I remember the time when modifying running programs were a big rage. Now seems many OSs are going in the opposite direction with OpenBSD leading the race.
It's a security vulnerability tbh
Is OpenBSD moving away from program loading and dynamic linking? Even many embedded systems allow software updates these days…
What I am referring to is not dynamic linking, but something else. My memory of that is rather faded and I only remember seeing in in various docs something like 40 years ago
Dynamic linking is by far the dominant use of self-modifying code these days, followed shortly by JIT code generation.
Persnickety but also curious comment: wasn't the System/360 the first mainframe?
By the time the S/360 was announced, IBM had already been producing top-of-the-line systems with the main processor sharing memory with several I/O "channels" for several years -- which would be "mainframes" by any reasonable definition I can think of other than "S/360 and derivatives" (which, by the way, excludes competing mainframe systems from Univac and Burroughs, among others).
The UNIVAC, in 1951, was probably the first mainframe recognizable as such. Big boxes, tape drives, lots of I/O. For a brief time, "Univac" was synonymous with "computer". IBM quickly put a stop to that, of course.
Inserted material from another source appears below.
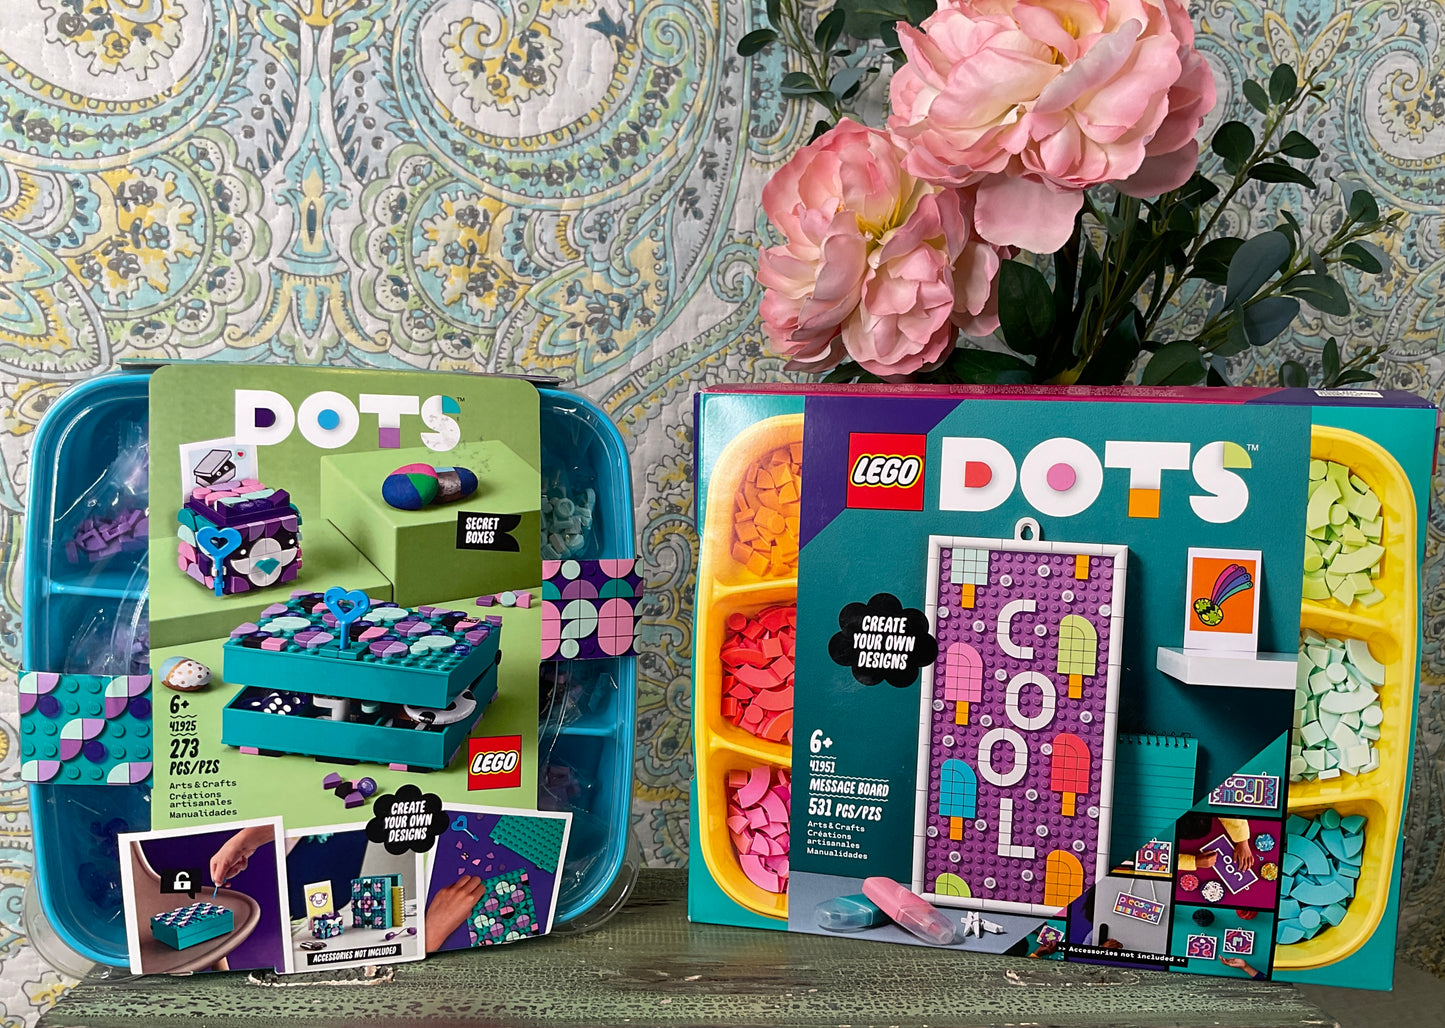 Lego Dots Message Board & Secret Boxes, Sold Separately

https://en.wikipedia.org/wiki/UNIVAC

Hence Asimov's “The Last Question” referring to the computer as Multivac and variations thereof, culminating in “Universal AC”.
As others have said, the System/360 line wasn't even IBM's first generation of mainframes, but it was the first line of computers with an ISA as we understand the term: A document describing an environment for software to be written for independent of any specific machine, such that the machines would be implementations of that ISA and multiple different machines could all run the same software. IBM used this to make a whole line of different mainframes at different price points that could all run (mostly) the same software, to the limits of different machines having different amounts of RAM and some machines not having disk drives and some opcodes not being implemented on certain low-end models, just like how it works these days.

But that came about in the mid 1960s, and IBM had been making commercial mainframes for over a decade by then.

System/360 was the attempt by IBM to unify its existing computing systems (1401, 700 series, 7030, 1620, etc). All were "mainframes" by our current definition.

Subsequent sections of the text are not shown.